Provided data:
★ ★ ★
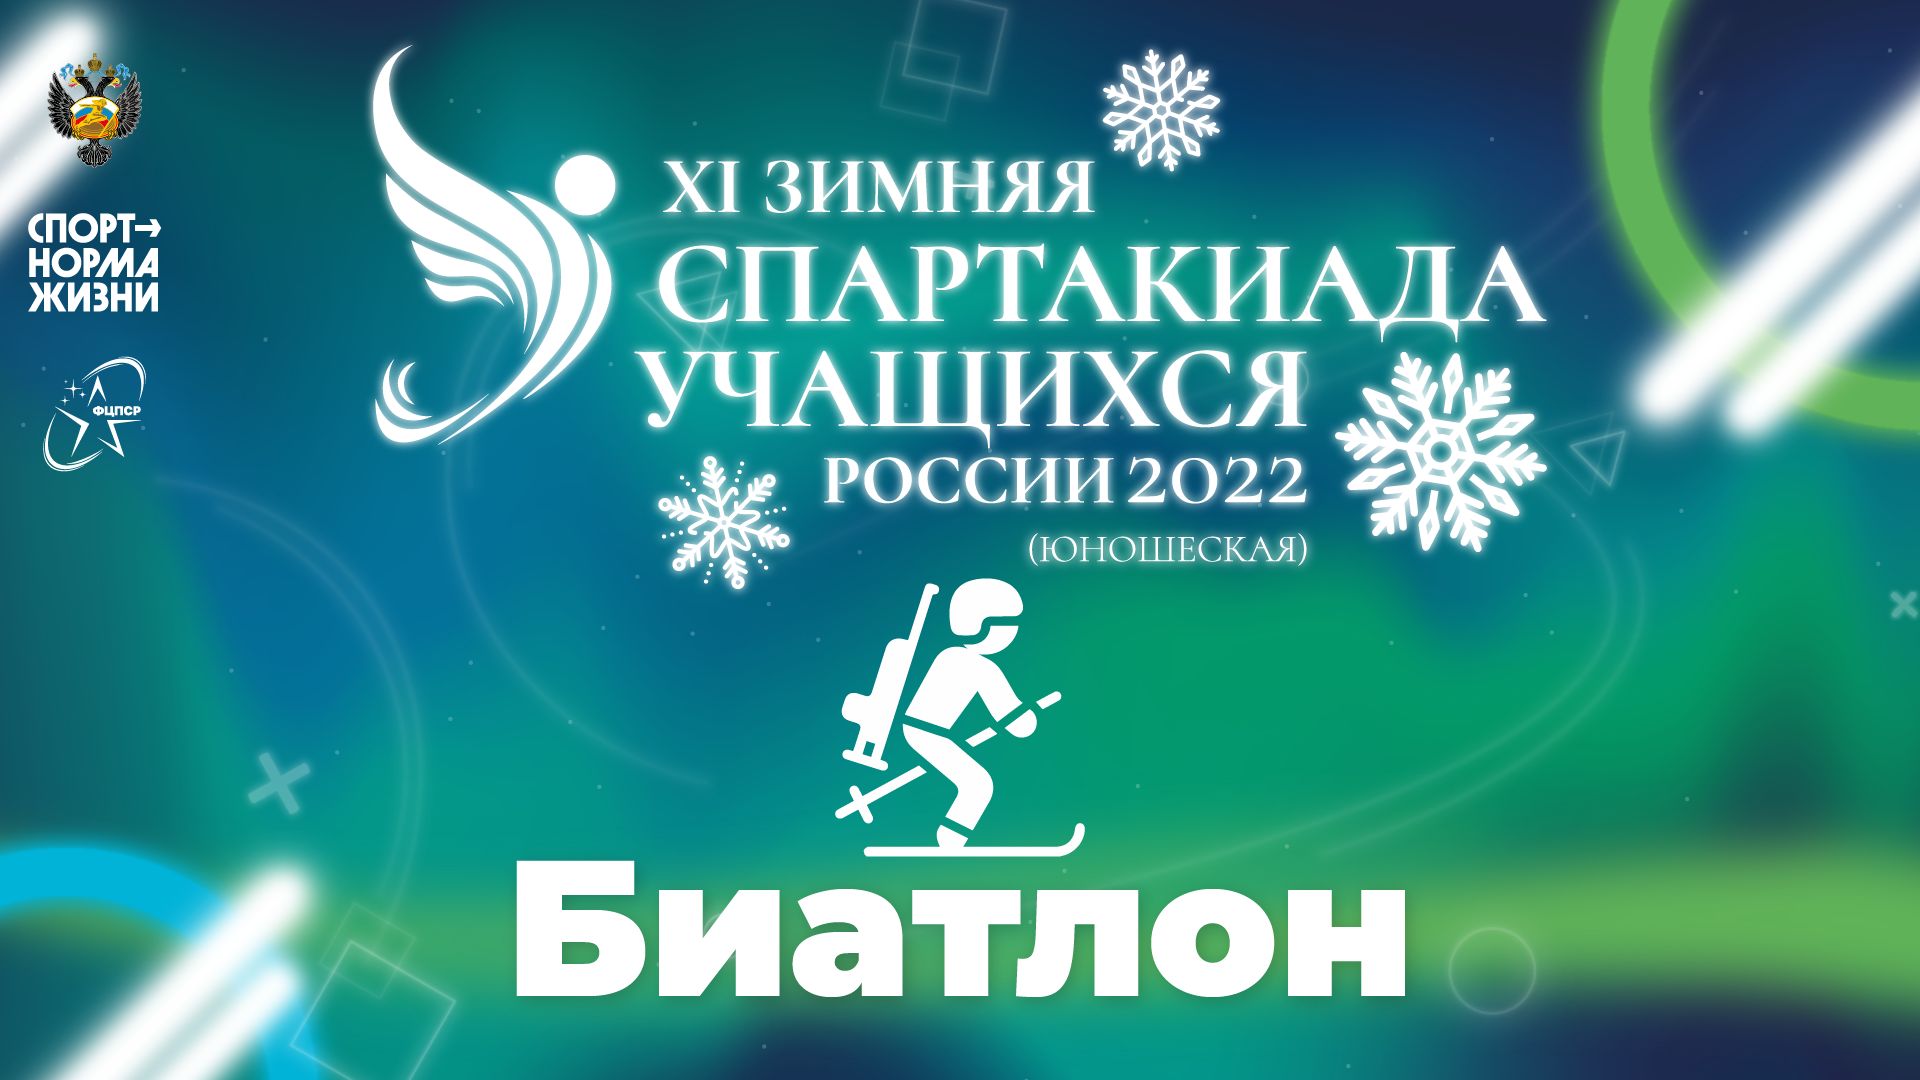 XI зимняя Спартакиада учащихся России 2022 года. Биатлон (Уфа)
★ ★ ★
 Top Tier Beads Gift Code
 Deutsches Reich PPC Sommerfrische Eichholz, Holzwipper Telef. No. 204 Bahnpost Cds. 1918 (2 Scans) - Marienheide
★ ★ ★
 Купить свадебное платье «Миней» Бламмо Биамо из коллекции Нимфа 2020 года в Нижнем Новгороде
★ ★ ★
What is expected: Set down again, word for word, the stretch of records from the line with "Top Tier Beads Gift Code" to the line with "Deutsches Reich PPC", both of those lines included.

Output:
 Top Tier Beads Gift Code
 Deutsches Reich PPC Sommerfrische Eichholz, Holzwipper Telef. No. 204 Bahnpost Cds. 1918 (2 Scans) - Marienheide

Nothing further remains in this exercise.